1. A mesh pouch for holding a surgical implant within a patient's body, the mesh pouch comprising:

a mesh wall that defines an enclosure having an opening at an end of the enclosure, the mesh wall comprising a plurality of pores, wherein each of the plurality of pores is at least 70 microns in diameter; and

a drawstring disposed at a rim of the opening, wherein the drawstring configured to close the opening when drawn so as to prevent the surgical implant from leaving the enclosure.

2. The mesh pouch of claim 1, wherein each of the plurality of pores is at least 800 microns in diameter.

3. The mesh pouch of claim 1, further comprising a strand extending from the mesh wall.

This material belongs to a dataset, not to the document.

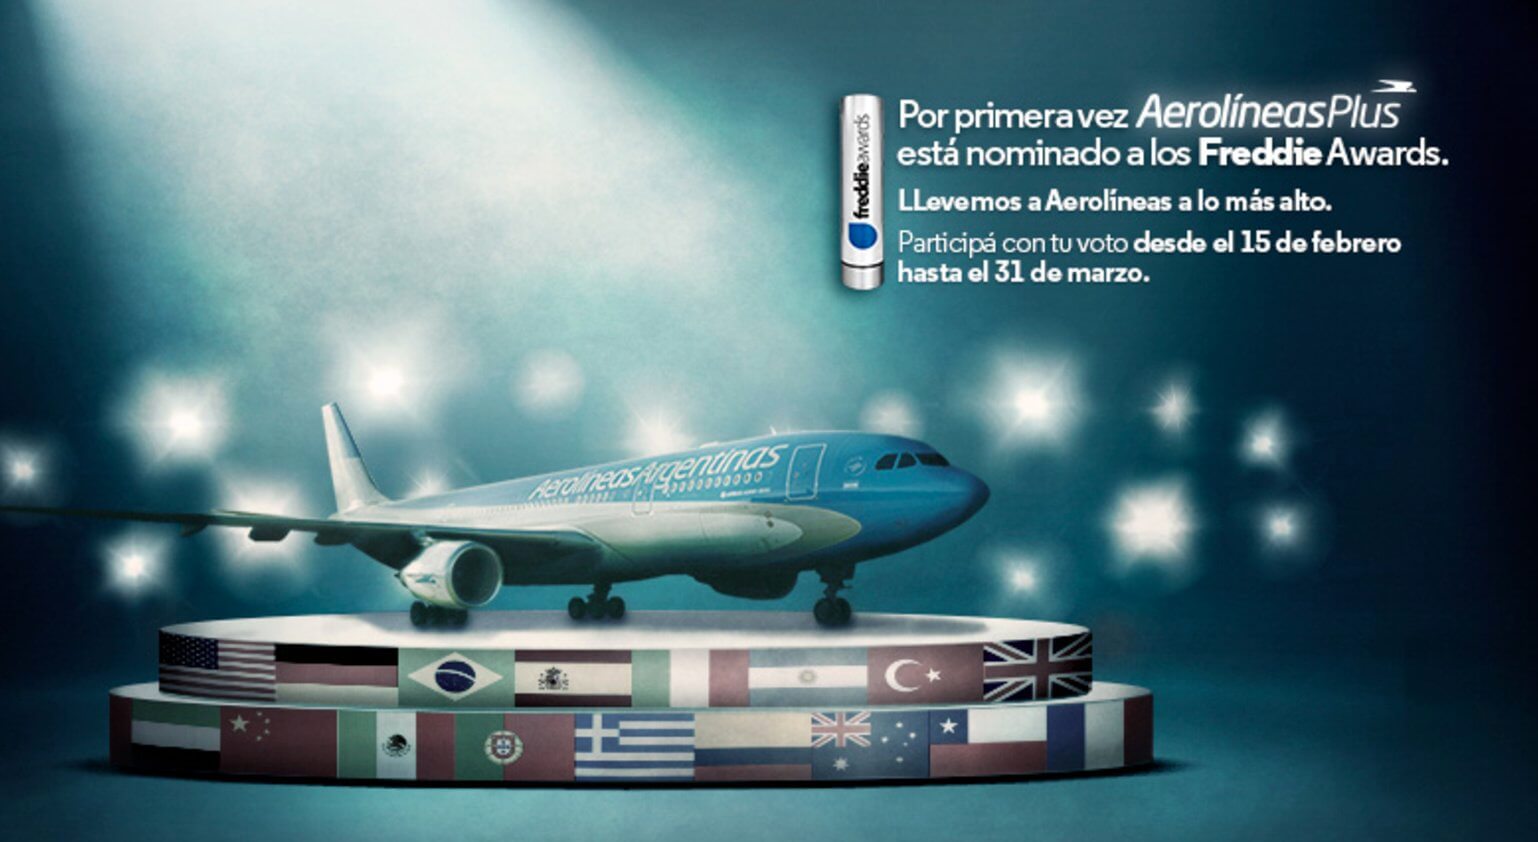 Freddie Awards AEROLINEAS PLUS Aerolineas Argentinas

4. The mesh pouch of claim 3, further comprising a needle attached to a terminus of the strand.

5. The mesh pouch of claim 1, further comprising one or more strands extending from the mesh wall, wherein each of the one or more strands is configured to tighten the mesh wall around the surgical implant when pulled.

6. The mesh pouch of claim 1, wherein the enclosure is spheroid in shape when the mesh wall is fully expanded.

7. The mesh pouch of claim 1, wherein the mesh wall is made of a stretchable material that allows the expansion and contraction of the opening.

8. The mesh pouch of claim 1, wherein the mesh wall is made of a material selected from a group consisting of poly-(p)-dioxanone, poly-trimethylene-carbonate, polyglycolide, P4HB, and fibroin.

9. The mesh pouch of claim 1, wherein the mesh wall is made of a permanent synthetic material.

10. The mesh pouch of claim 9, wherein the permanent synthetic material is polypropylene, polyester, or expanded polytetrafluoroethylene.

11. A mesh pouch for holding a surgical implant within a patient's body, the mesh pouch comprising:

a mesh wall that defines an enclosure having an opening that, when closed, prevents the surgical implant from leaving the enclosure, the mesh wall comprising a plurality of pores, wherein each of the plurality of pores is at least 70 microns in diameter; and

a strand extending from the mesh wall, wherein the strand is configured to tighten the mesh wall around the surgical implant when pulled.

12. The mesh pouch of claim 11, further comprising a needle attached to a terminus of the strand.

13. The mesh pouch of claim 11, wherein each of the plurality of pores is at least 800 microns in diameter.

14. The mesh pouch of claim 11, further comprising a drawstring configured to close the opening when drawn so as to prevent the surgical implant from leaving the enclosure.